PROVIDED DATA:

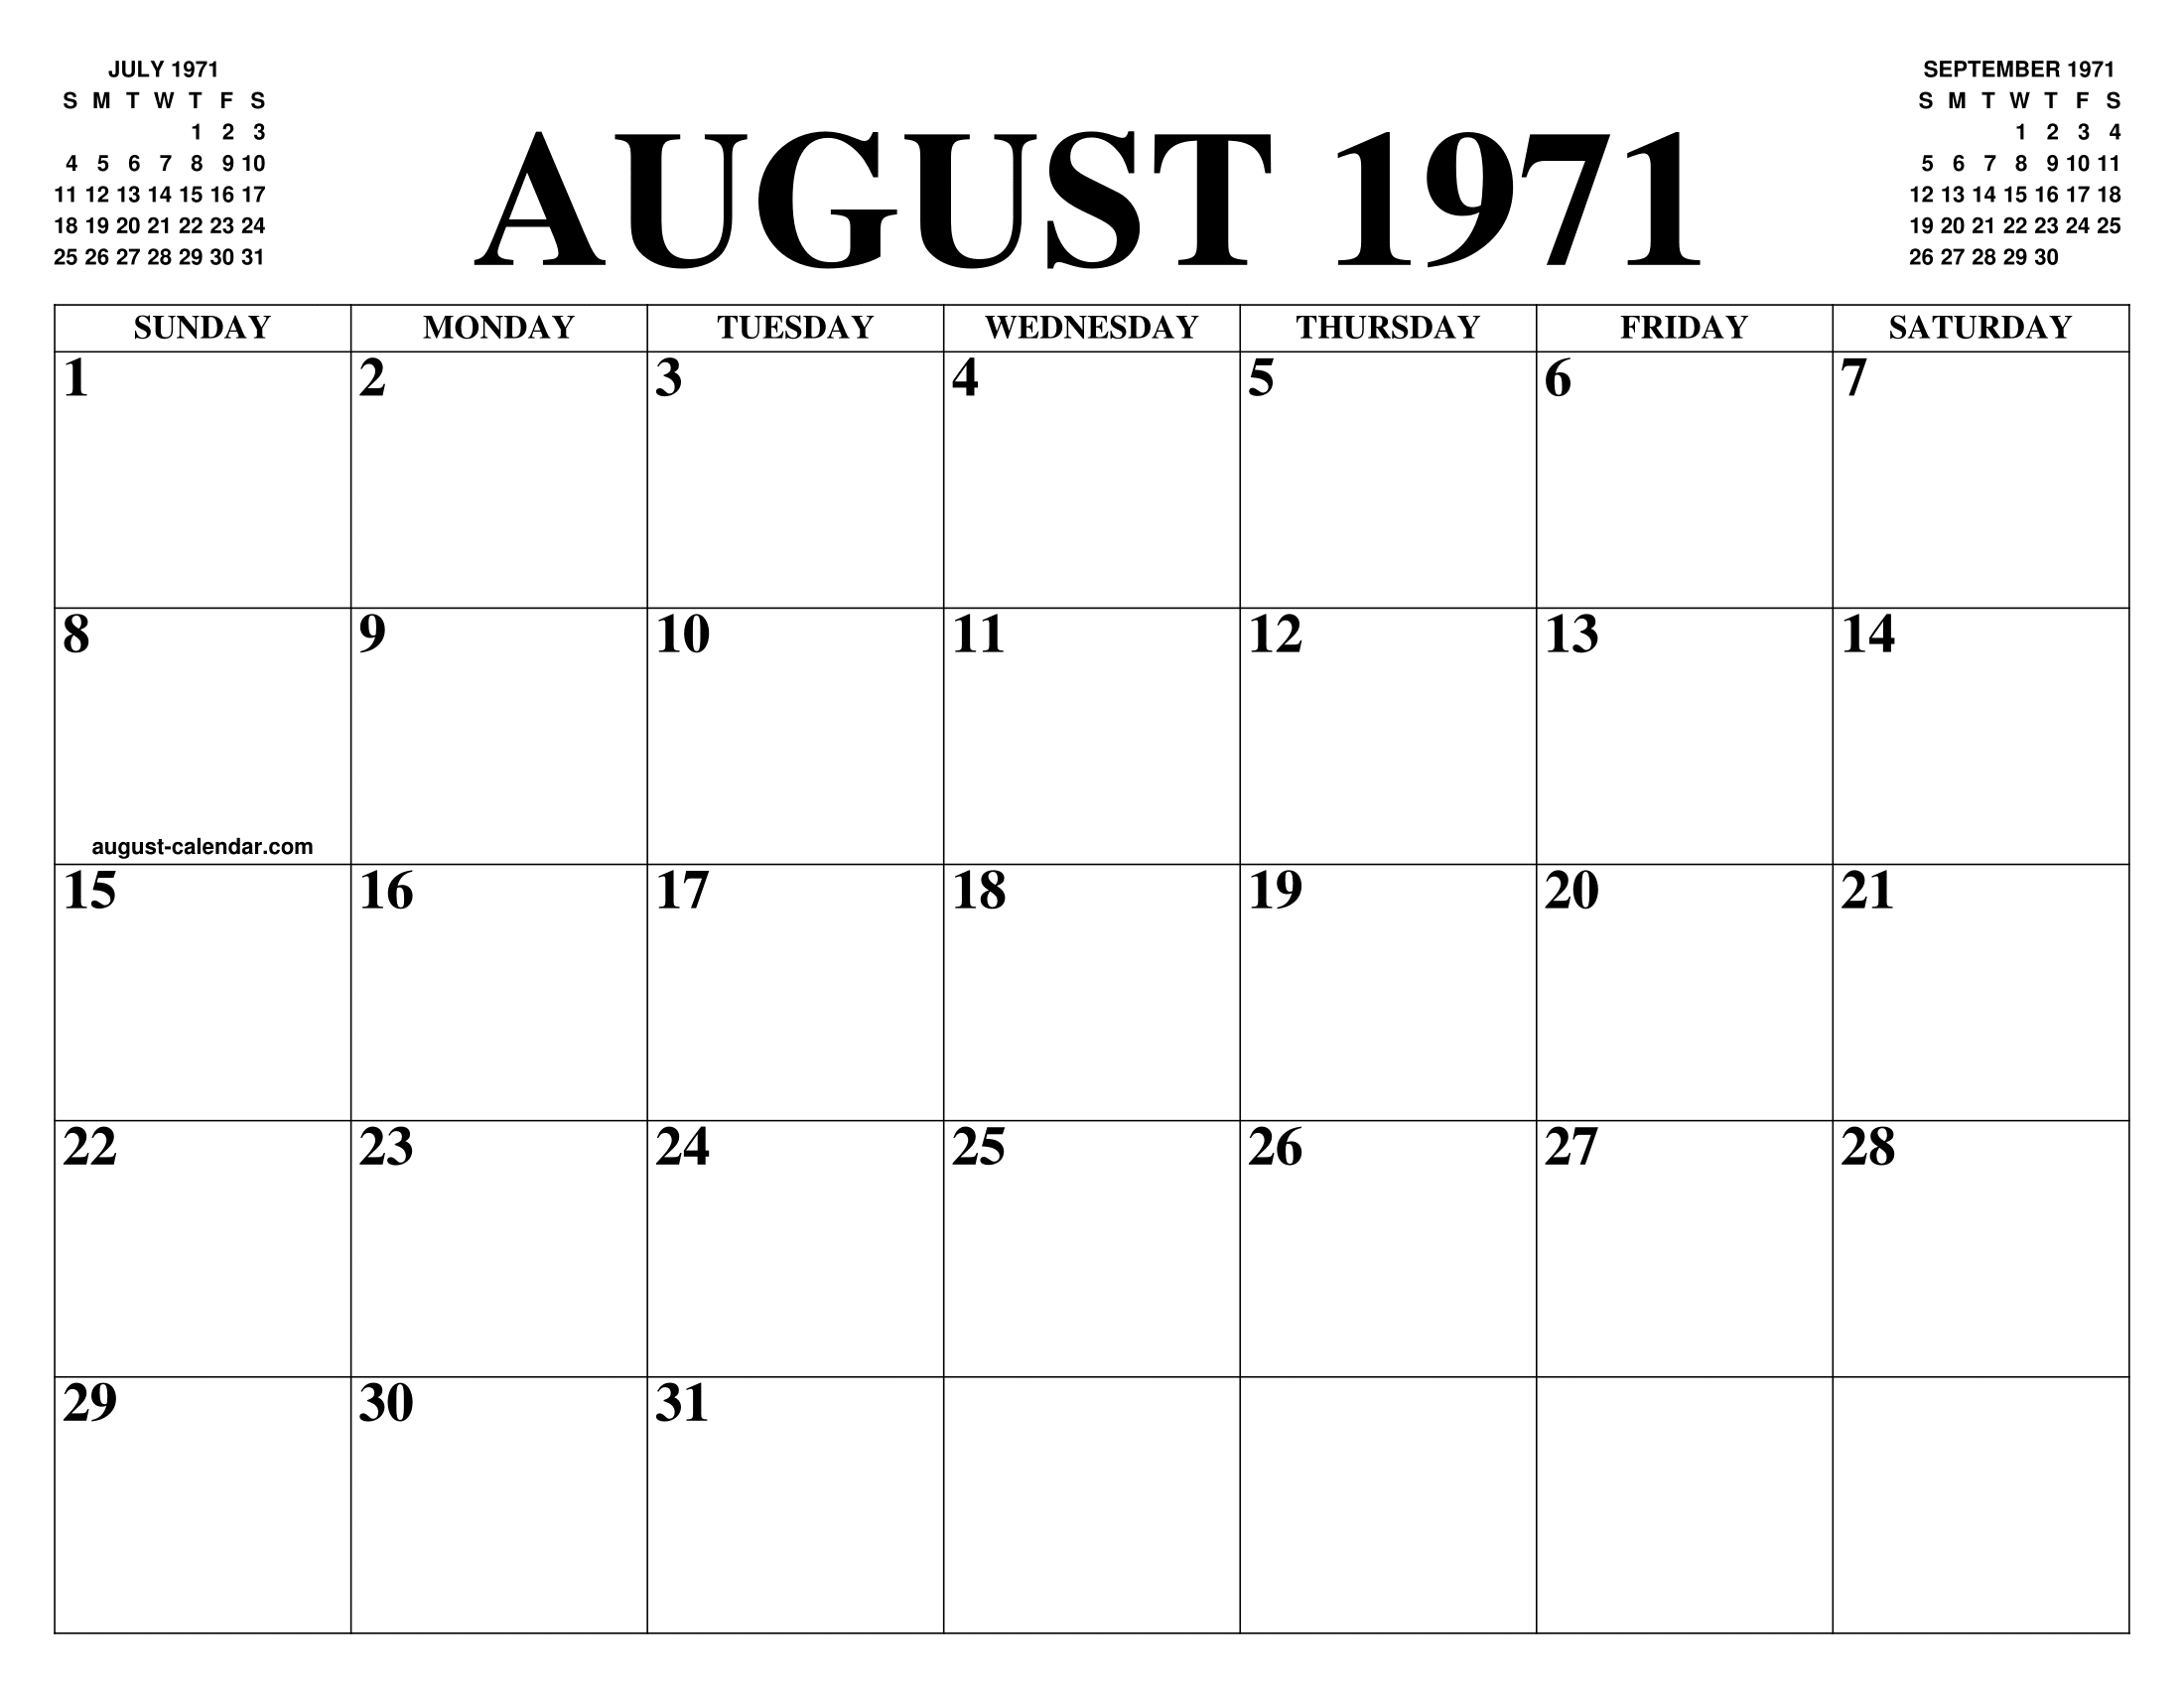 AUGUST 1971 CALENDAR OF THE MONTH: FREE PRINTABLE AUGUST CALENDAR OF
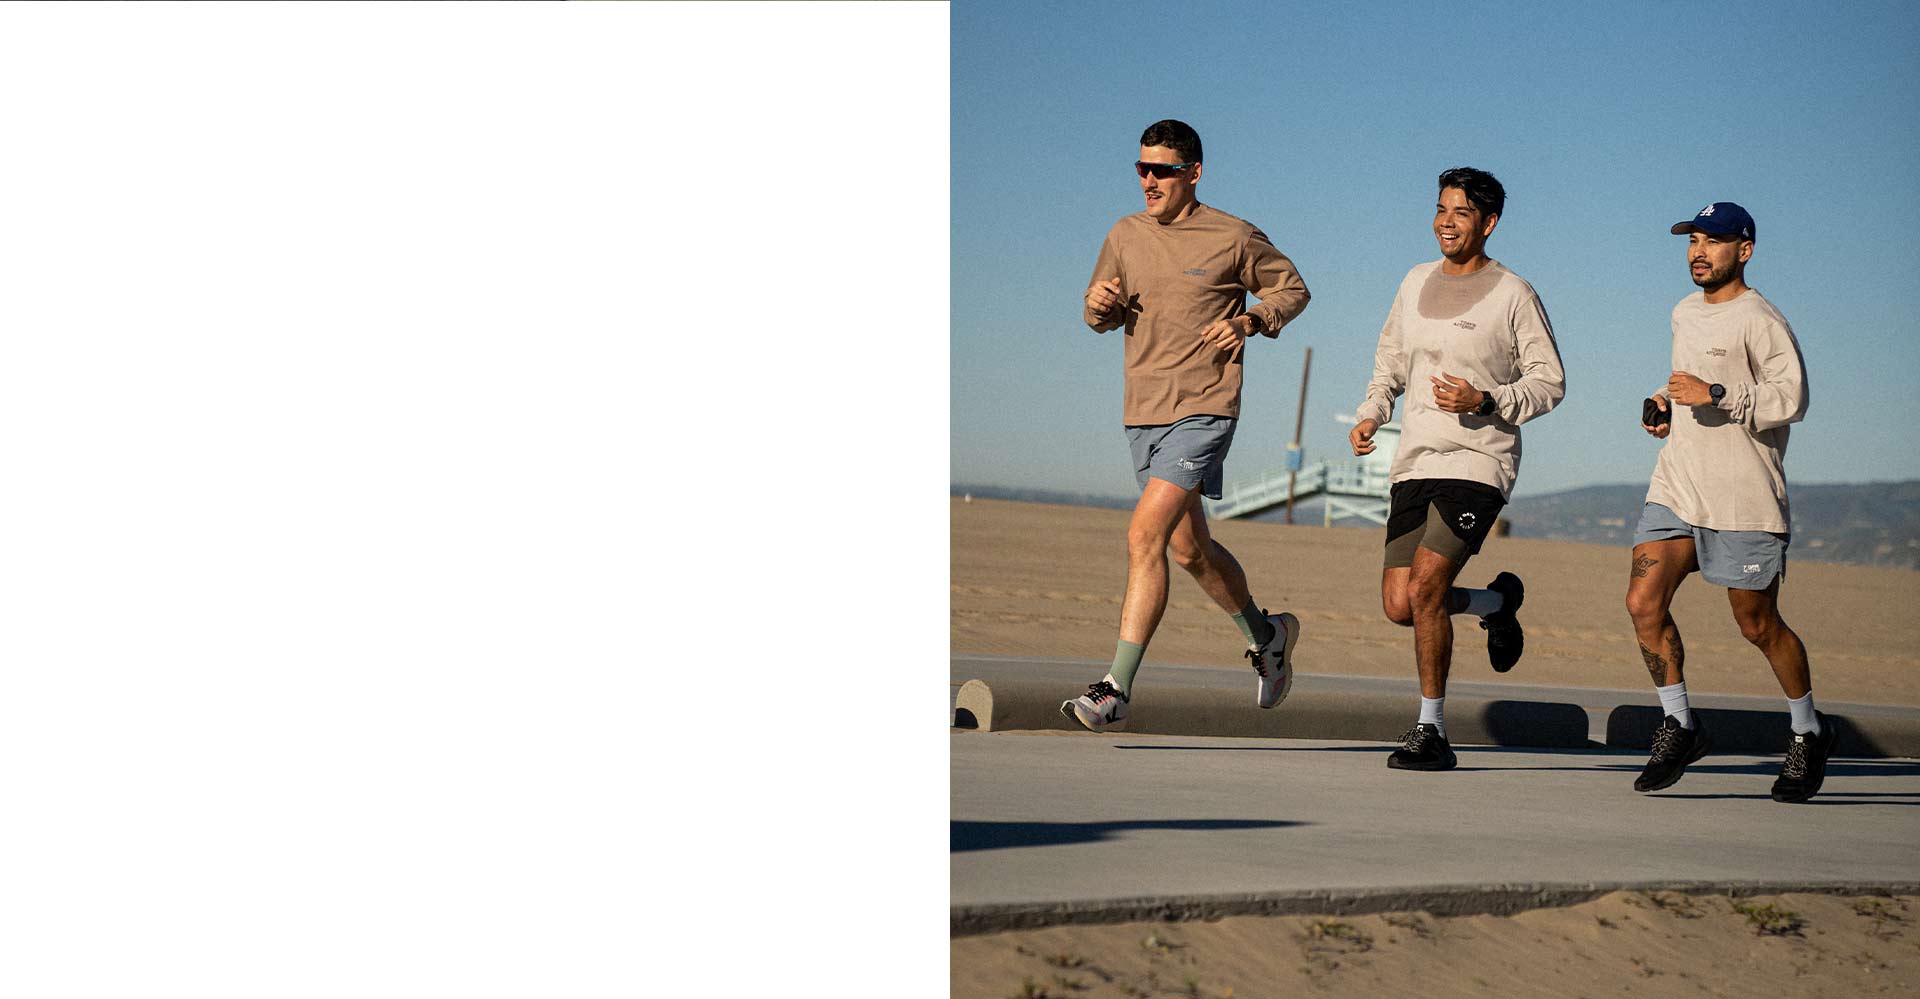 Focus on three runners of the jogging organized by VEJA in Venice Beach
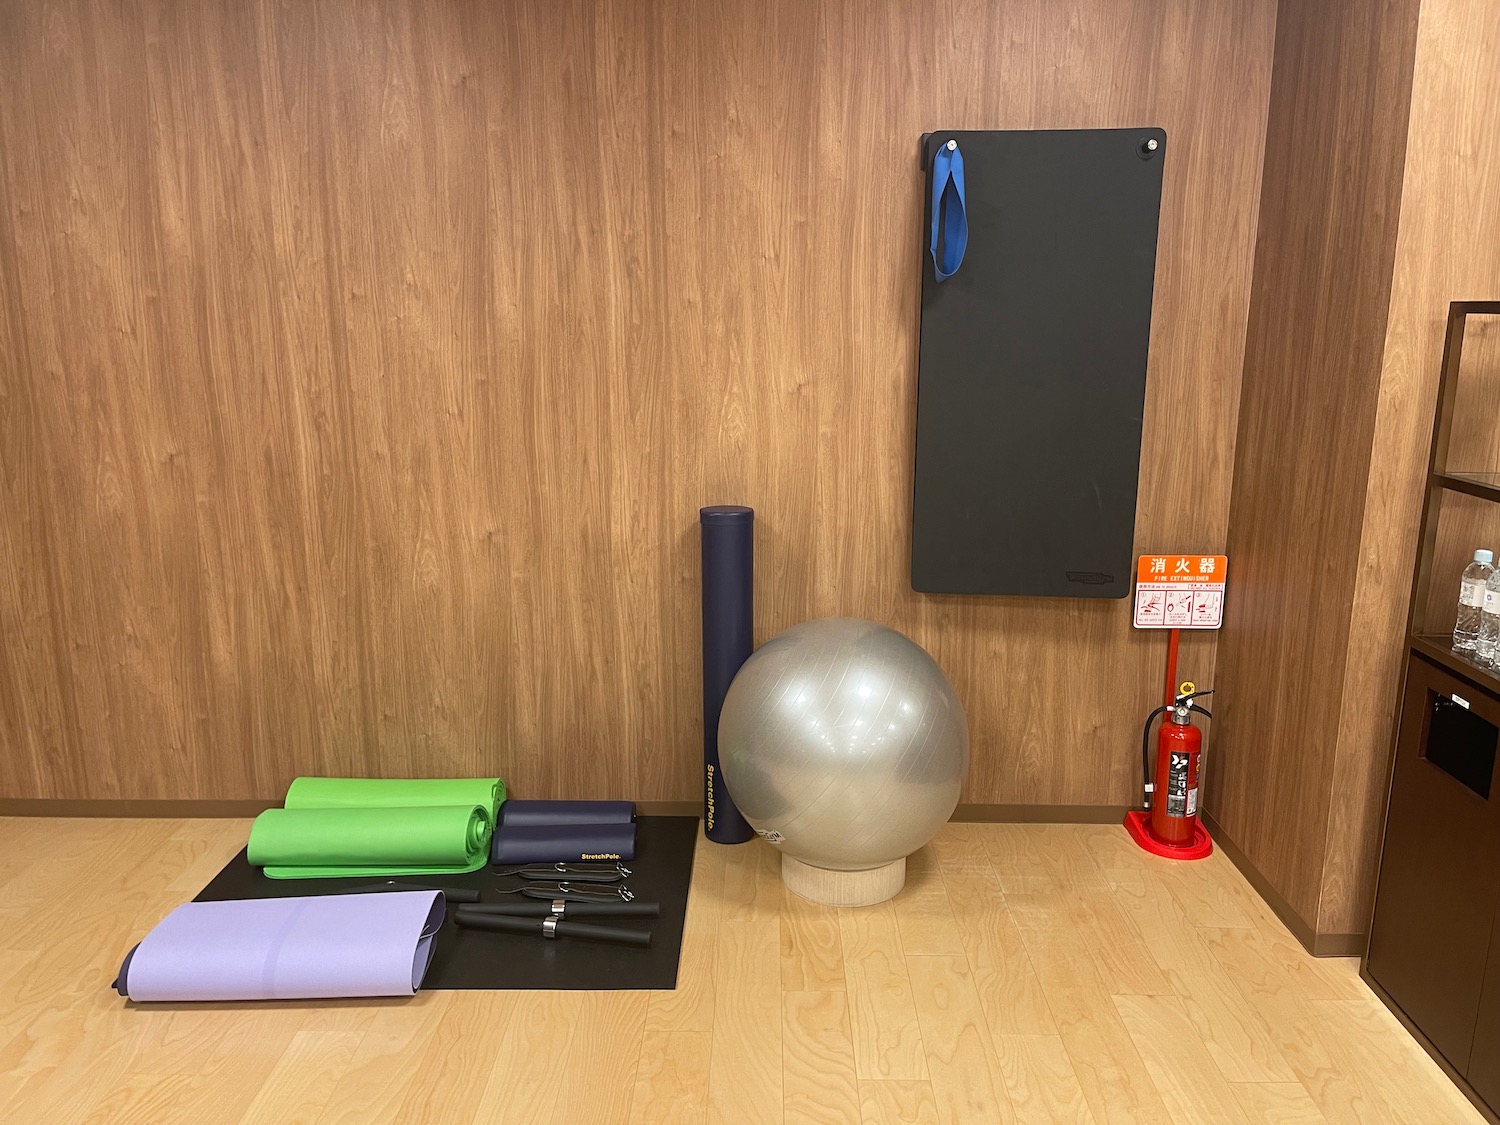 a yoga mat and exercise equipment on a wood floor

EXERCISE DETAILS:
Word for word, return the material above, but drop the pictures.

ANSWER FOR THE TASK:
 AUGUST 1971 CALENDAR OF THE MONTH: FREE PRINTABLE AUGUST CALENDAR OF
 Focus on three runners of the jogging organized by VEJA in Venice Beach
 a yoga mat and exercise equipment on a wood floor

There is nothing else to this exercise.